John, I applaud your work. You are keeping the stories alive. Thank you for this since I think the world is spinning up to a whining gyrating pitch and without voices like yours, wisdom flies off like so many droplets of water...or tears.
john, i am always happy when i see a post from you in the feed, even though i know it often will not be an easy post to read.

i often wonder how, in spite of our upbringings, we can turn out as well as we do, even accounting for our warts. thank you for this.
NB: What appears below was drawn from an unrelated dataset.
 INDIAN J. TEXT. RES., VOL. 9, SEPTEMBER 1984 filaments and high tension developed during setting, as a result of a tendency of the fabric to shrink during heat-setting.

Jane, thanks for the kind words and that question about how we can turn out so well. I tried to answer it at my blog about my parents, just this morning. Here's the link:

http://lightning-and-ashes.blogspot.com/2009/06/happy-fathers-day.html
so sad. Not a typical modern romance, but there is a kind of harsh realist beauty still there that's worthy of awe.
I hope you uncover more clues to your parents' relationship. This is a fascinating first look.
Maybe what they saw and knew was so horrifying that they knew that it had to remain between the two of them. To leave each other, would have meant letting go of that painful knowing and having nowhere else to turn.... Lovely as usual, John.
Extremely powerful and insightful, John.
I thank you.
The five years after WWII say more about the human condition than the war years. I will read all your posts.
Nicely done. Important work. These stories, these people, are important. Thank you. I look forward to reading more of your work. Thanks for the links.